▶ Assignment: Only one stretch of the records below is wanted: the lines from the one holding "nano3G AP Installation" through the one holding "Why The Rock’s". Return it exactly, both ends included.

▶ Information given:
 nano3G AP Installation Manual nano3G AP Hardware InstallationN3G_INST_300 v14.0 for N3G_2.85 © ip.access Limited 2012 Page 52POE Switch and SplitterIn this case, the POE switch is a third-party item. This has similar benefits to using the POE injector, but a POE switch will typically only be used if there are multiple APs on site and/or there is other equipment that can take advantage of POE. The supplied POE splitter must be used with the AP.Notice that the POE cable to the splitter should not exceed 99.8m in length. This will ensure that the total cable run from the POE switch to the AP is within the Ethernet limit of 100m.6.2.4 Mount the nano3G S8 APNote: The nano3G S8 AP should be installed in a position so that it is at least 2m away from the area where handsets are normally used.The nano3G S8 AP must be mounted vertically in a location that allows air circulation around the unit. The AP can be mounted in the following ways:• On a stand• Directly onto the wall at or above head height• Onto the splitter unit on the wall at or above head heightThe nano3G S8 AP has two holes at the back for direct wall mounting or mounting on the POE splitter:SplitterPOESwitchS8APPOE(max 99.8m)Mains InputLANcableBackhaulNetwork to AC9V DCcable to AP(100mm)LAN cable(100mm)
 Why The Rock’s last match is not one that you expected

==

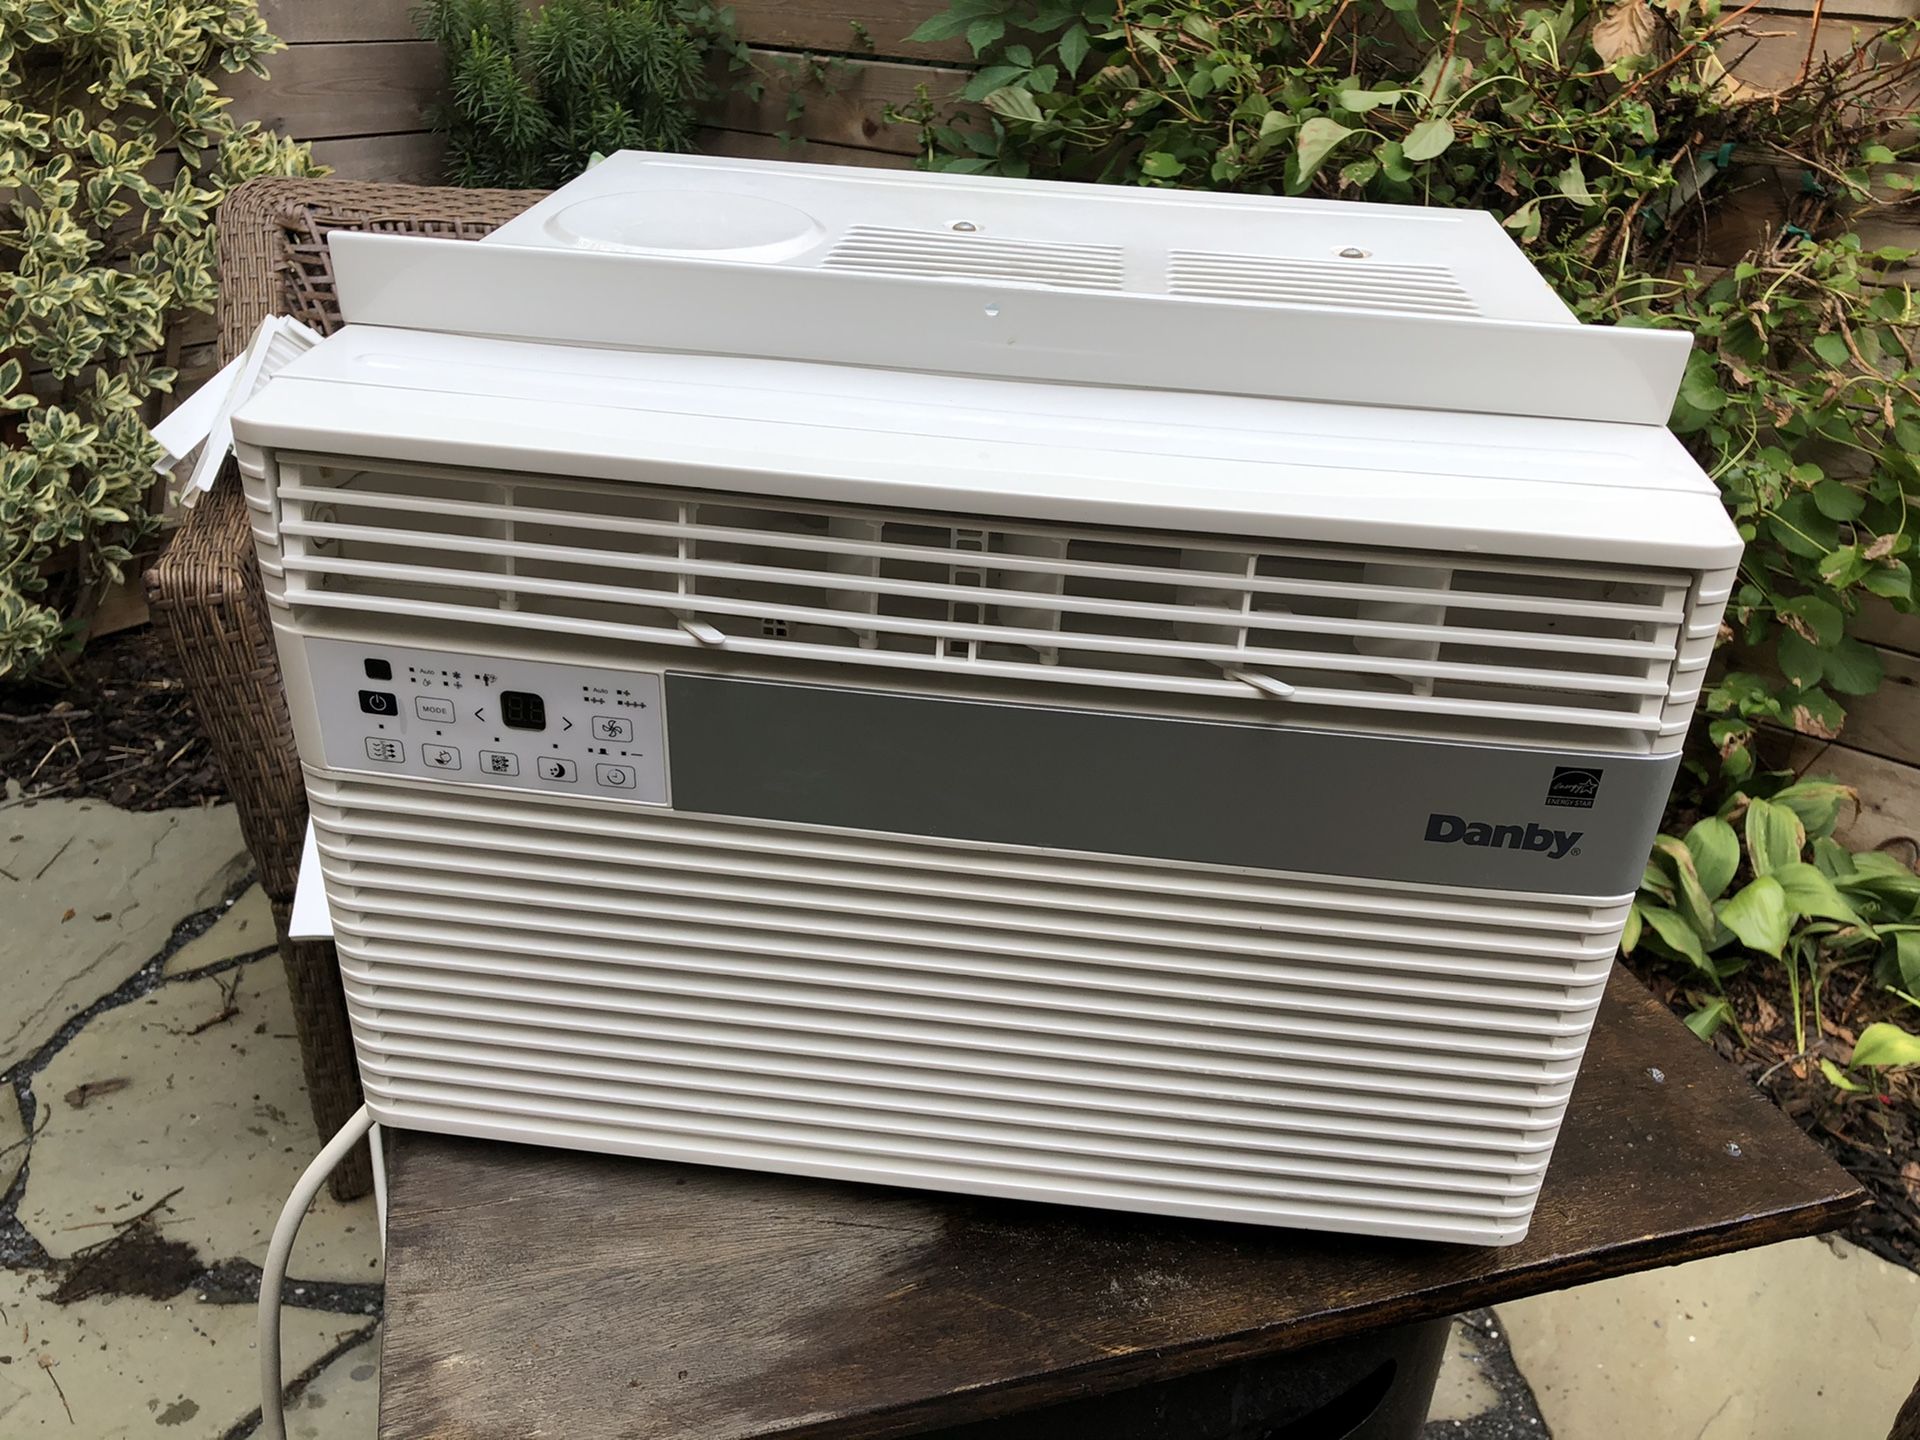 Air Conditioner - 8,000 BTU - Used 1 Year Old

▶ Answer to this exercise:
 nano3G AP Installation Manual nano3G AP Hardware InstallationN3G_INST_300 v14.0 for N3G_2.85 © ip.access Limited 2012 Page 52POE Switch and SplitterIn this case, the POE switch is a third-party item. This has similar benefits to using the POE injector, but a POE switch will typically only be used if there are multiple APs on site and/or there is other equipment that can take advantage of POE. The supplied POE splitter must be used with the AP.Notice that the POE cable to the splitter should not exceed 99.8m in length. This will ensure that the total cable run from the POE switch to the AP is within the Ethernet limit of 100m.6.2.4 Mount the nano3G S8 APNote: The nano3G S8 AP should be installed in a position so that it is at least 2m away from the area where handsets are normally used.The nano3G S8 AP must be mounted vertically in a location that allows air circulation around the unit. The AP can be mounted in the following ways:• On a stand• Directly onto the wall at or above head height• Onto the splitter unit on the wall at or above head heightThe nano3G S8 AP has two holes at the back for direct wall mounting or mounting on the POE splitter:SplitterPOESwitchS8APPOE(max 99.8m)Mains InputLANcableBackhaulNetwork to AC9V DCcable to AP(100mm)LAN cable(100mm)
 Why The Rock’s last match is not one that you expected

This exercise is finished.